Und wie bei allen anderen Lösungen, ein Fehler wie dieser:

org.xBaseJ.xBaseJException: Wrong Version -116
	at org.xBaseJ.DBF.openDBF(DBF.java:332)
	at org.xBaseJ.DBF.<init>(DBF.java:172)
	at controlling.Import.importiereRechnungen(Import.java:656)
	at controlling.Import.main(Import.java:668)


----------



## sparrow (27. Apr 2009)

Falls du unter Windows arbeitest (unter anderen Betriebssystemen habe ich es noch nicht probiert, da ich nur für die Firma auf .dbf-Dateien zugreifen muss), hast du es schon einmal mit der ODBC-Bridge versucht?
Funktioniert hier wunderbar, auch mit Memo-Feldern.
Außerdem kann man dann "richtige" SQL-Kommandos ausführen.

Gruß
Sparrow


----------



## H2SO4 (27. Apr 2009)

Ja, habe ich. Nur als die Verbindung stand, konnte ich keine Daten auswählen, da ich den Tabellenname nicht kenne. Das Programm, aus dem ich exportiere, SHM, hat verschiedene Datenbanken. In diesem Fall gehts um die Projekt.db. Dann kann ich die vers.

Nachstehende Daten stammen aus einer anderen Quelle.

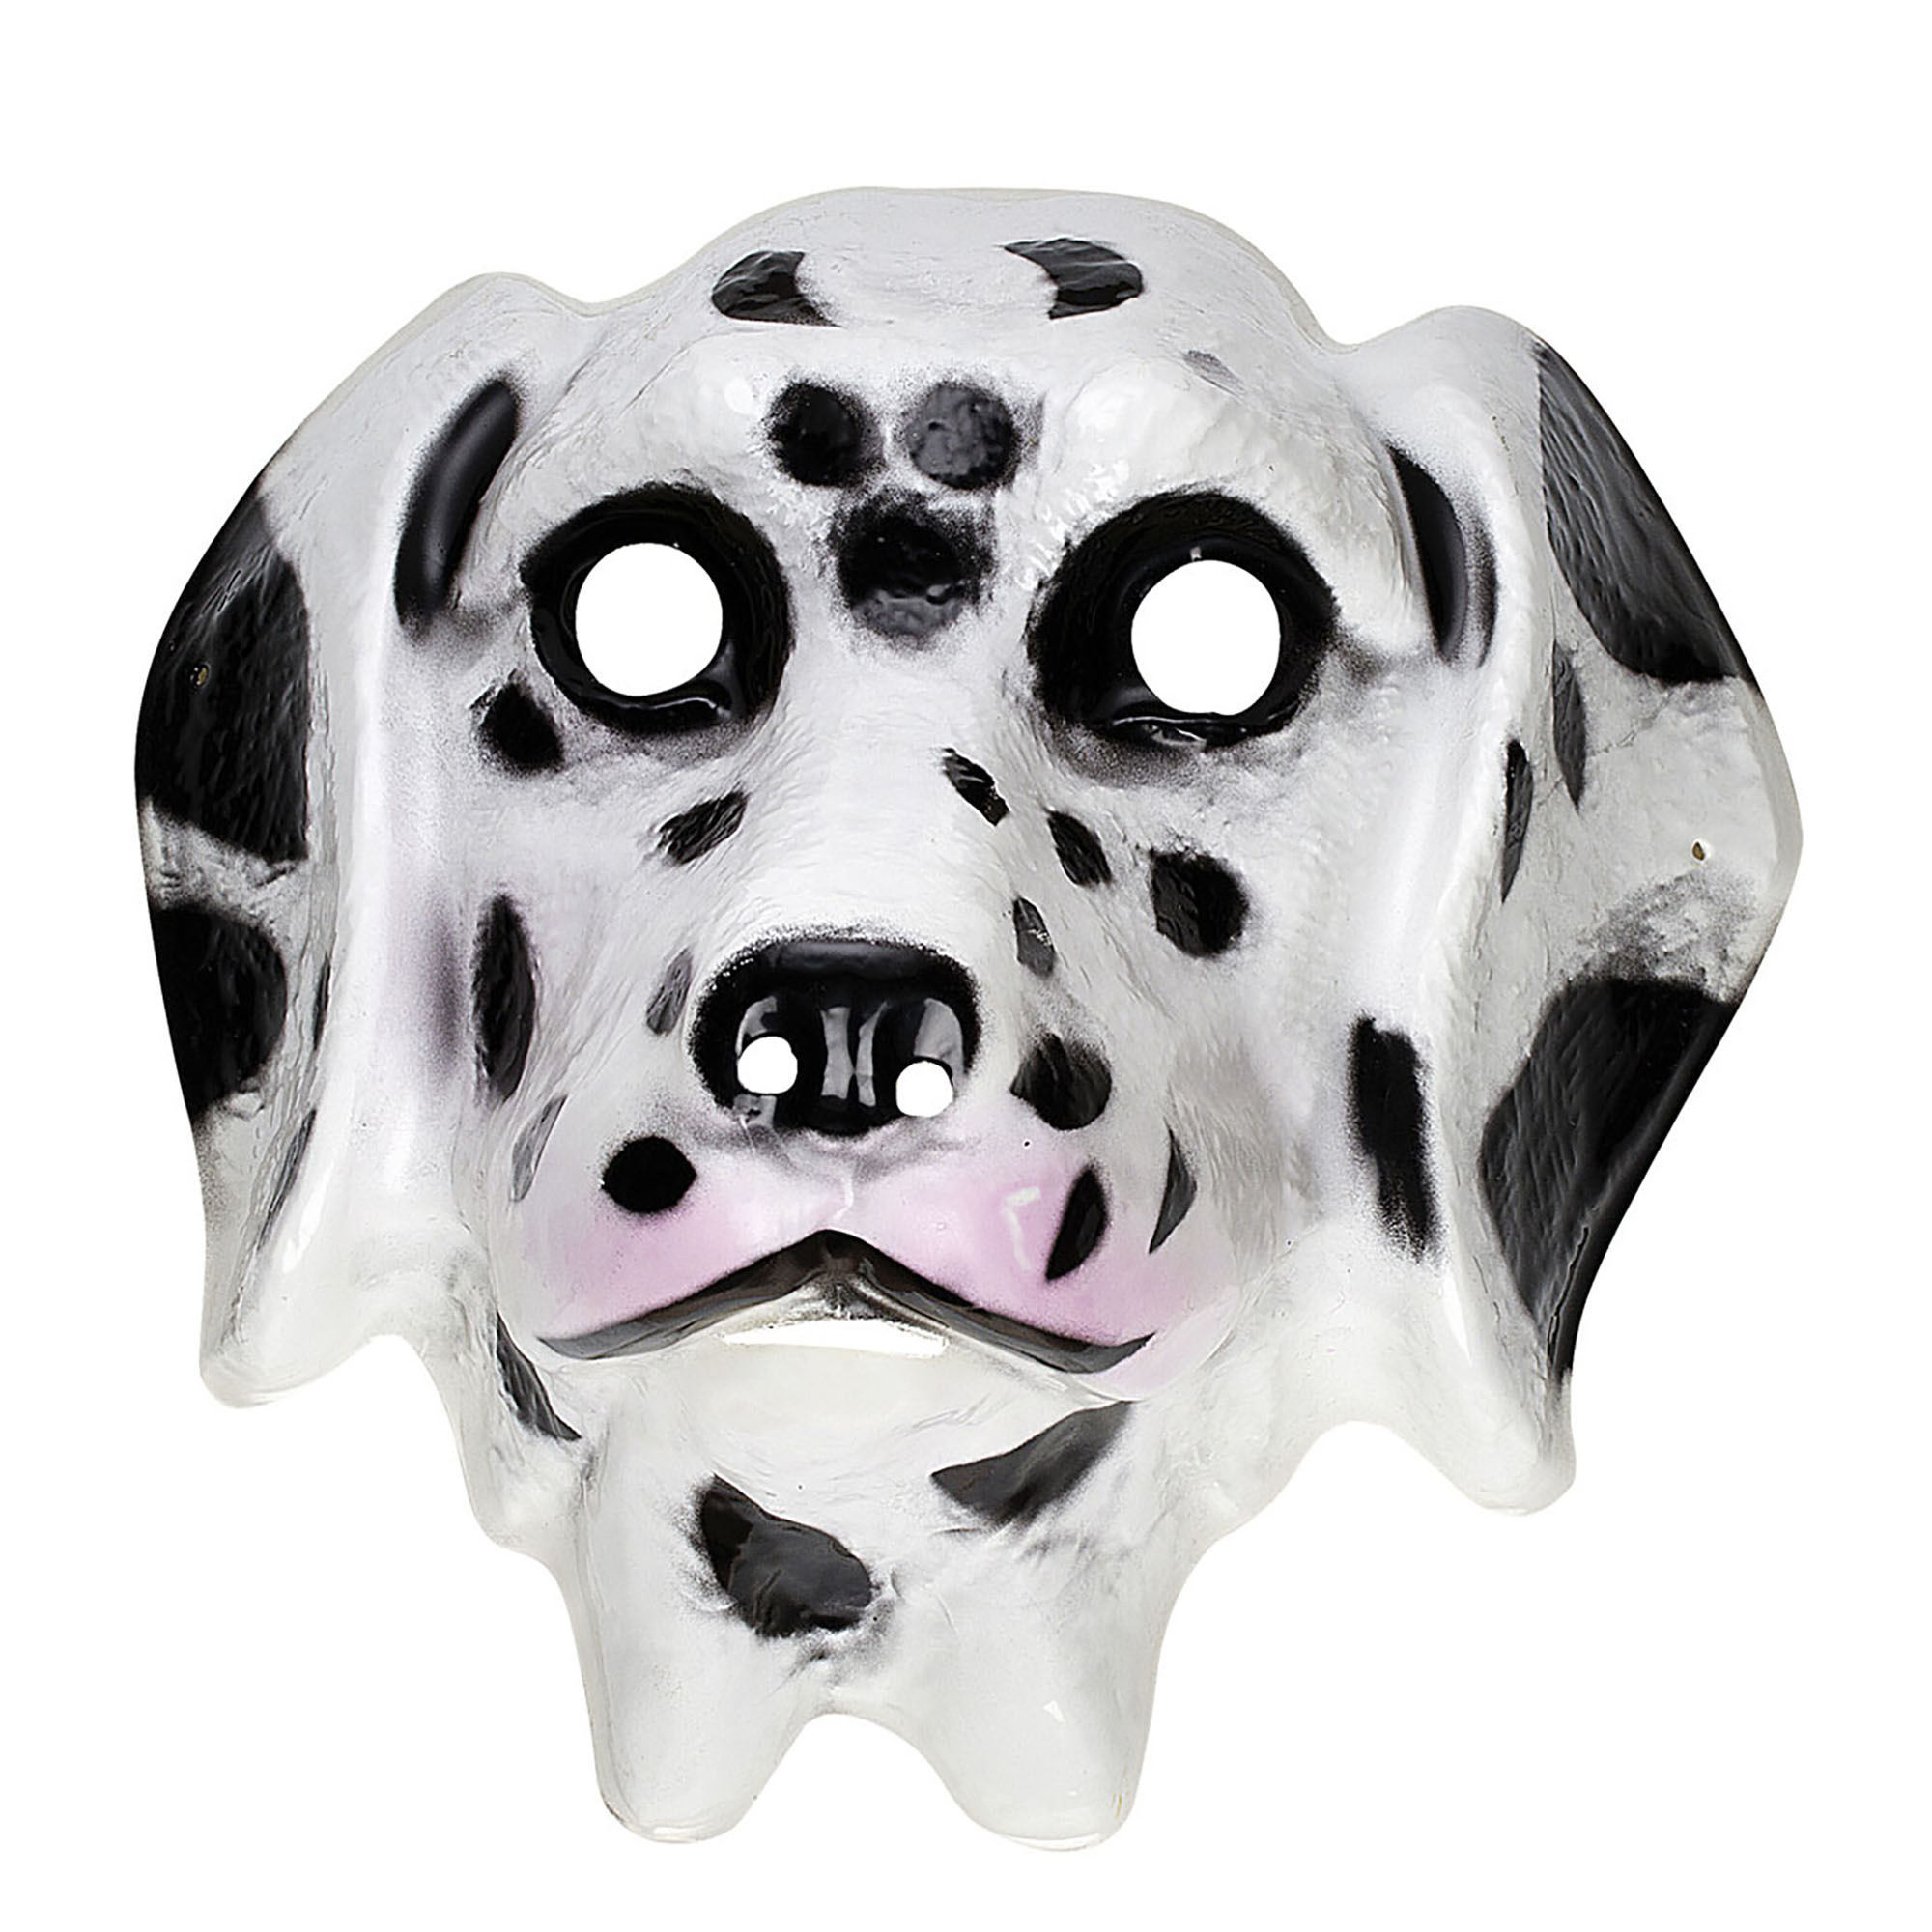 Plastic kinder masker dalmatier hond

Spalten wählen und das Exportformat -> Rechnung.dbf , Rechnung.dbt. Die Tabelle heißt aber weder Rechung, noch Projekt. Alles ausprobiert.


----------



## sparrow (27. Apr 2009)

Vielleicht stimmt etwas mit den exportierten Daten nicht.

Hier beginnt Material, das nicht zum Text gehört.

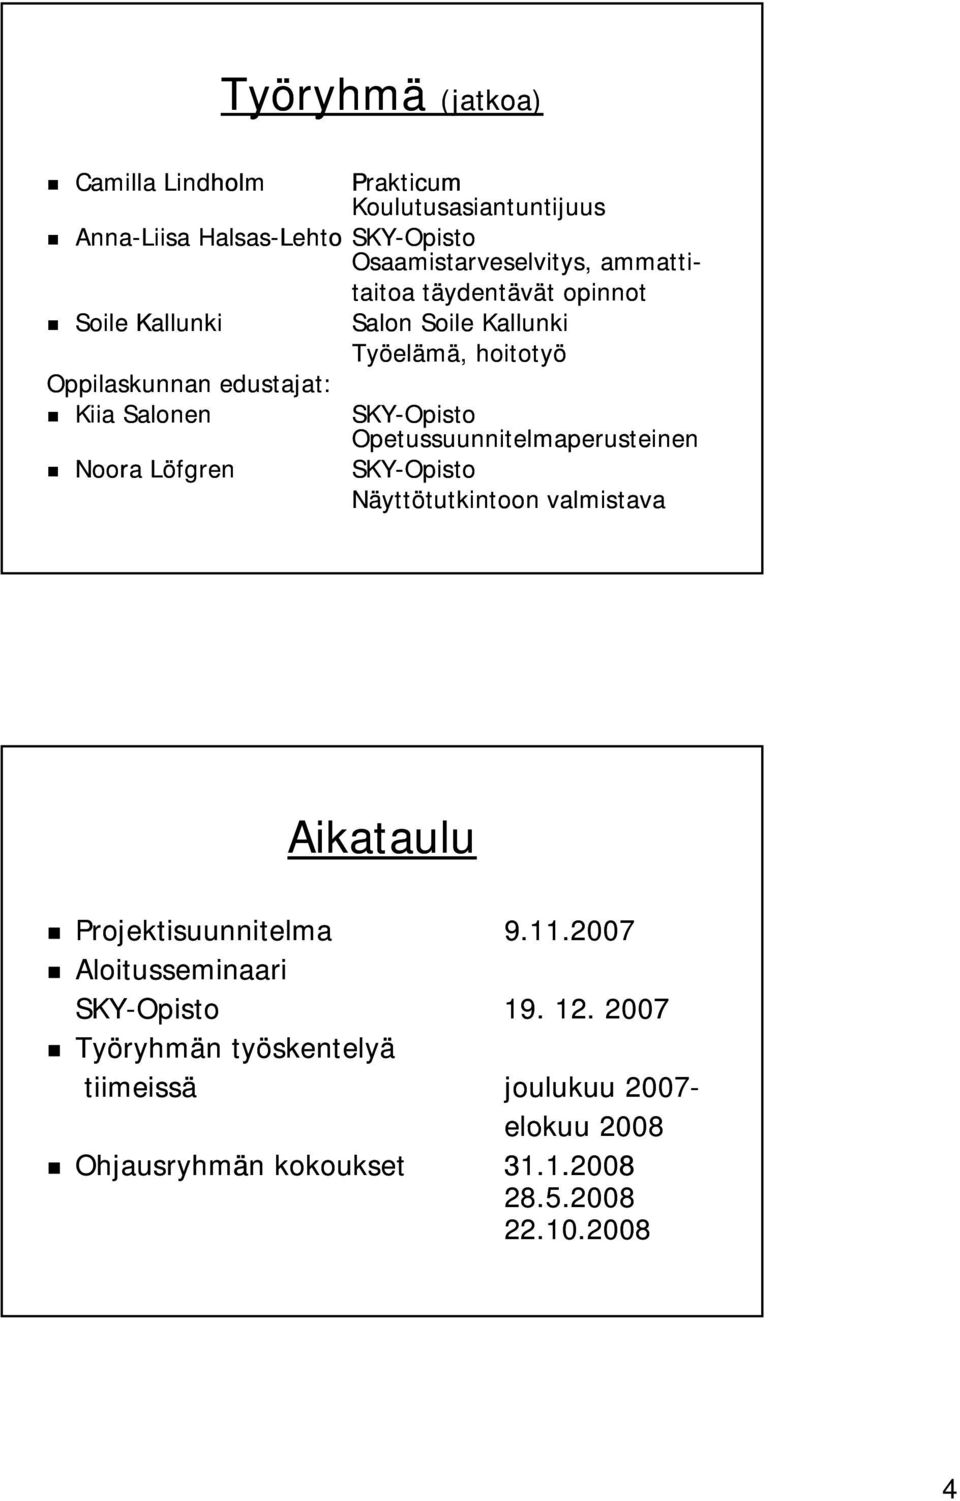 Opetussuunnitelmaperusteinen Noora Löfgren SKY-Opisto Näyttötutkintoon valmistava Aikataulu Projektisuunnitelma 9.11.

Ich arbeite hier, just in diesem Moment, an einem Projekt das bei einer älteren DOS-Anwendung direkt auf das Daten-Backend zugreifen soll.
Das ist soweit kein Problem, entsprechend die ODBC-Datenschnittstelle in Windows eingestellt (Systemsteuerung -> Verwaltung -> Datenquellen (ODBC) -> Hinzufügen -> Driver do Microsoft dBase) und entsprechend das Verzeichnis in dem die .dbf liegt bei Directory eingetragen.

Anschließend mit dem JDBC/ODBC-Treiber eine Verbindung zu neuen Datenquelle aufnehmen und es kann entsprechend selektiert werden. Der Tabellenname entspricht dem Dateinamen ohne .dbf. Also Z_TEXT.DBF ist die Tabelle Z_TEXT.

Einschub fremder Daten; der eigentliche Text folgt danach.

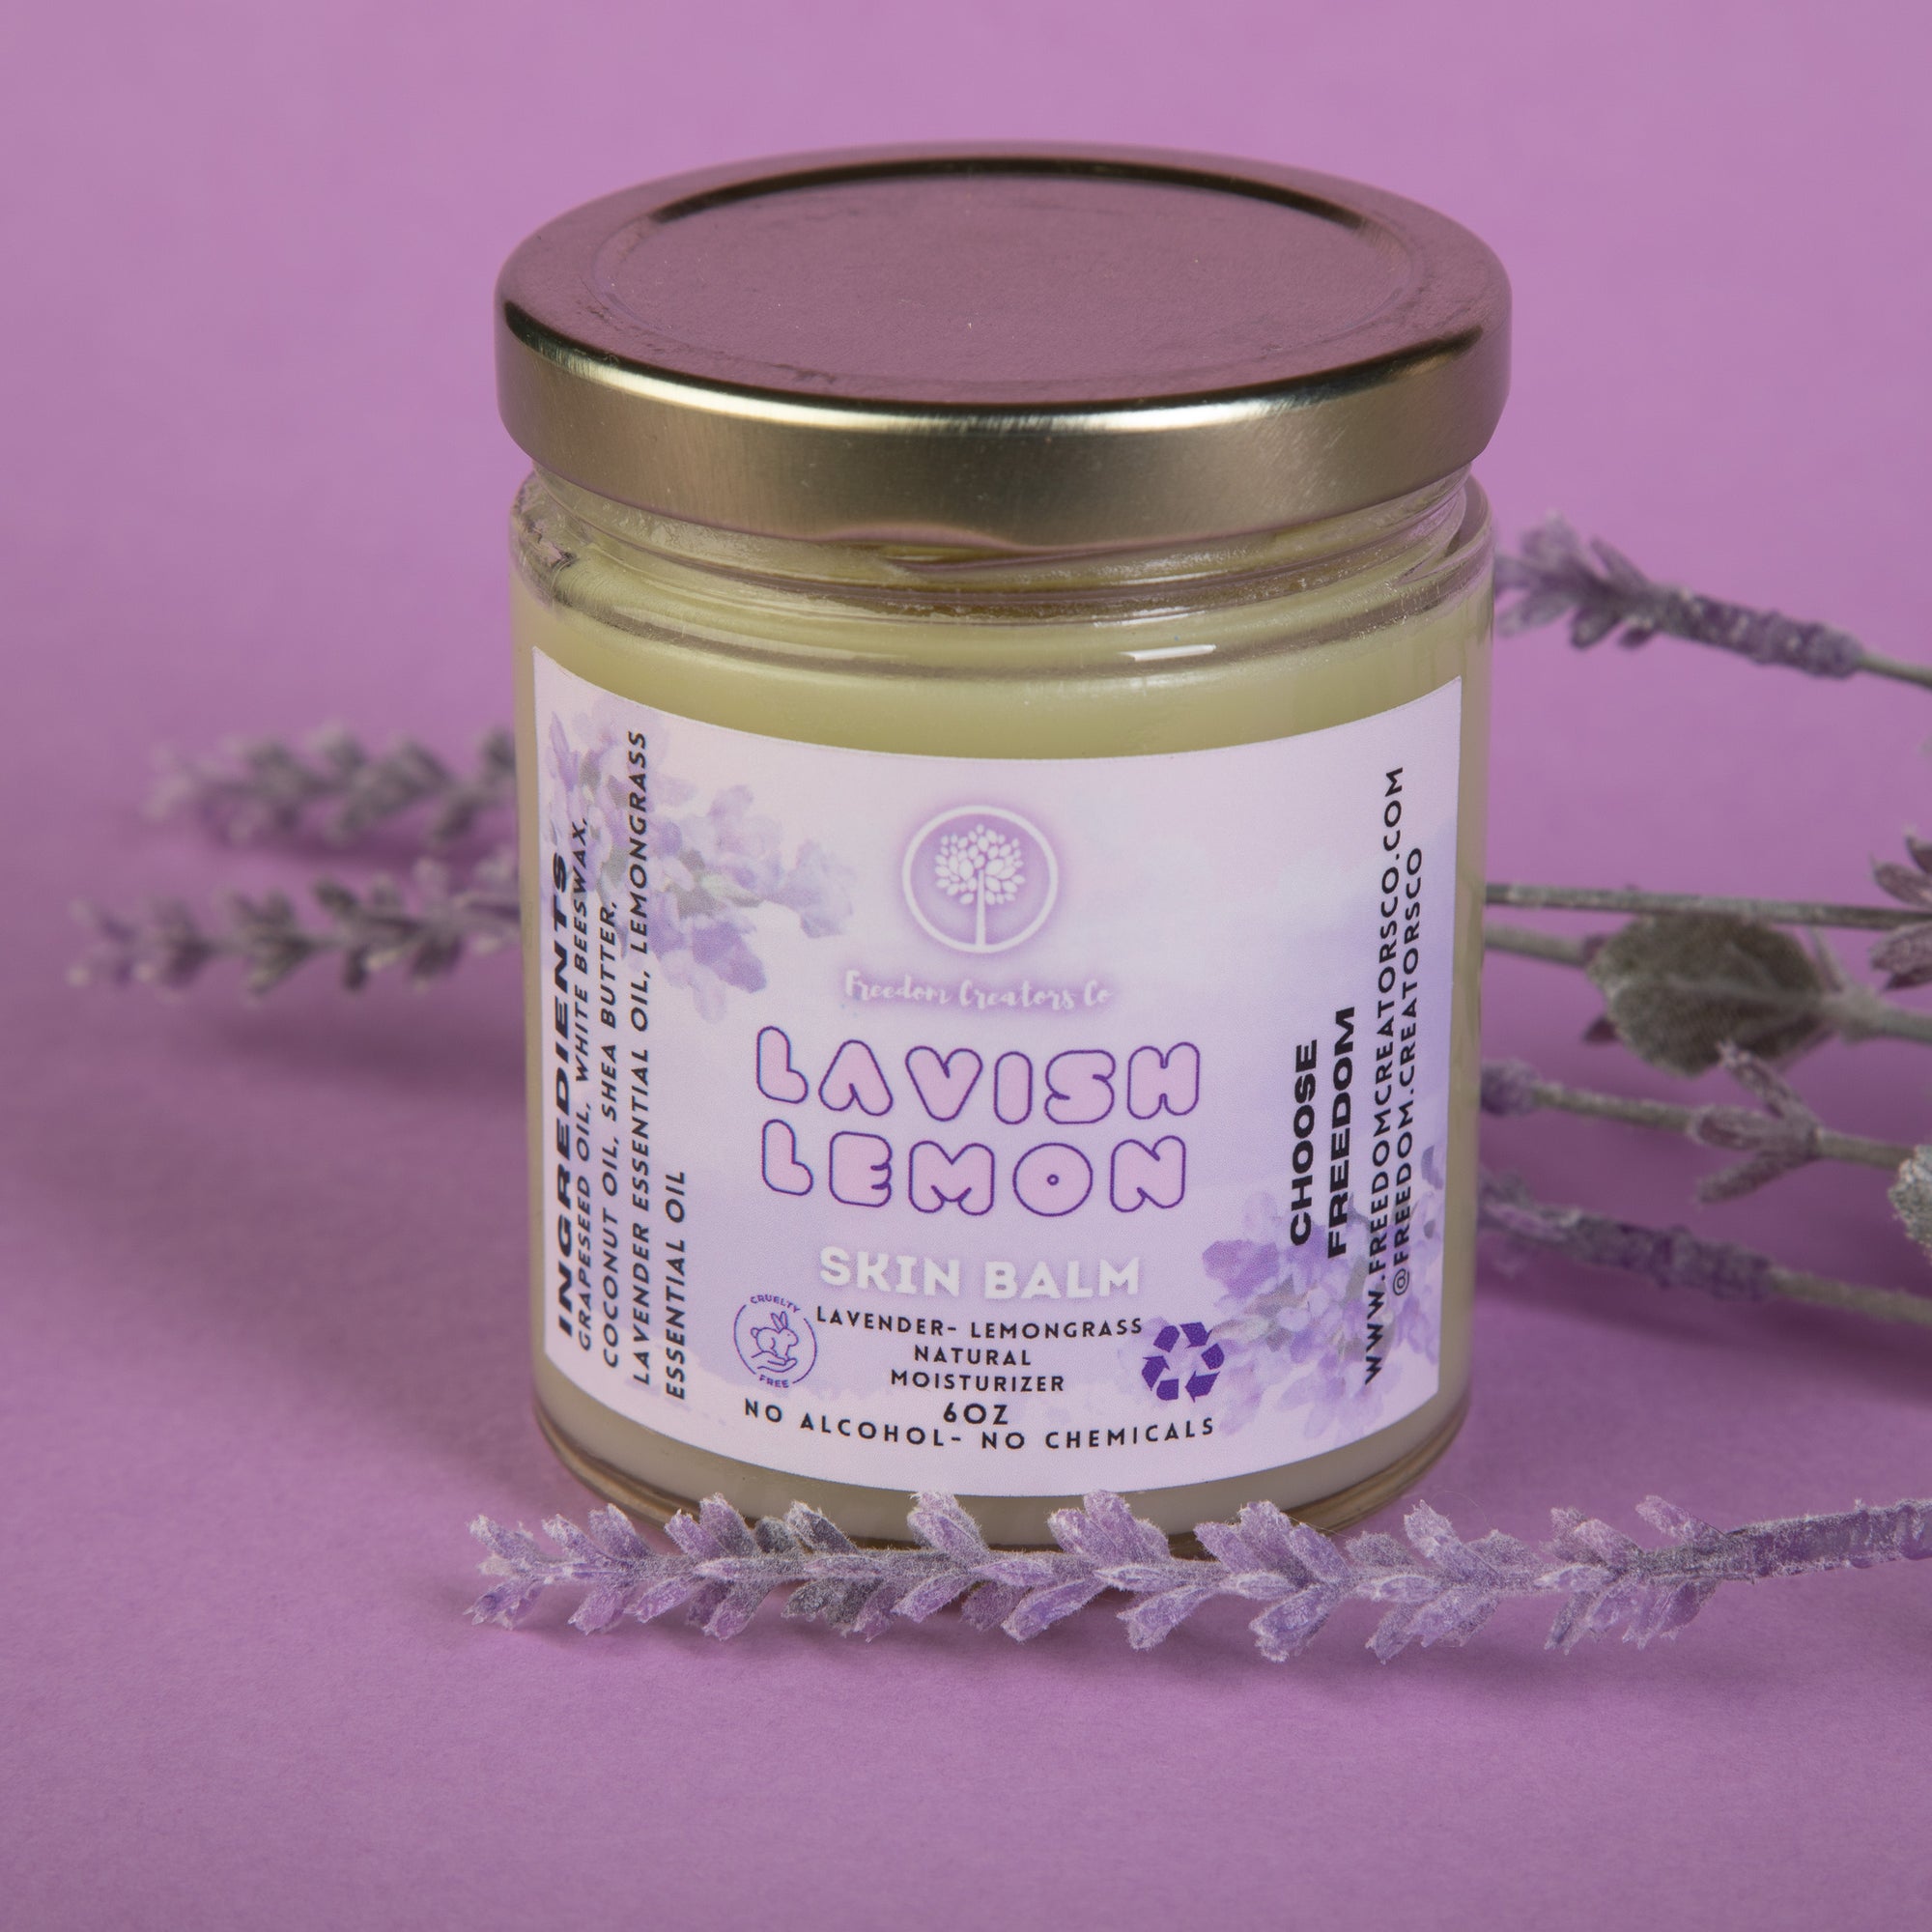 Lavender Lemongrass Skin Balm for eczema care

Bitte probier den Weg doch nochmal aus und poste hier die genaue Fehlermeldung.


Danke!

Sparrow


----------



## H2SO4 (27. Apr 2009)

Ok, hat mir schonmal ein bisschen weitergeholfen. DNS habe ich angelegt, Verbindung steht, Tabellenname findet er so wie von dir angegeben auch, nur jetzt:

java.sql.SQLException: [Microsoft][ODBC dBASE Driver] Unerwarteter Fehler vom externen Datenbanktreiber (15877).
	at sun.jdbc.odbc.JdbcOdbc.createSQLException(Unknown Source)
	at sun.jdbc.odbc.JdbcOdbc.standardError(Unknown Source)
	at sun.jdbc.odbc.JdbcOdbc.SQLExecDirect(Unknown Source)
	at sun.jdbc.odbc.JdbcOdbcStatement.execute(Unknown Source)
	at sun.jdbc.odbc.JdbcOdbcStatement.executeQuery(Unknown Source)
	at controlling.Import.importiereRechnungen(Import.java:660)
	at controlling.Import.main(Import.java:672)

Mit den exportierten Daten muss alles in Ordnung sein, da die von dem Programm so ausgegeben werden. Da habe ich wie gesagt keinen Einfluss drauf und muss sie als gegeben sehen.

Aber wenigstens nen kleinen Schritt weitergekommen...


----------



## sparrow (27. Apr 2009)

Ah genau, DNS heisst das... bin ich vorhin nicht gleich drauf gekommen.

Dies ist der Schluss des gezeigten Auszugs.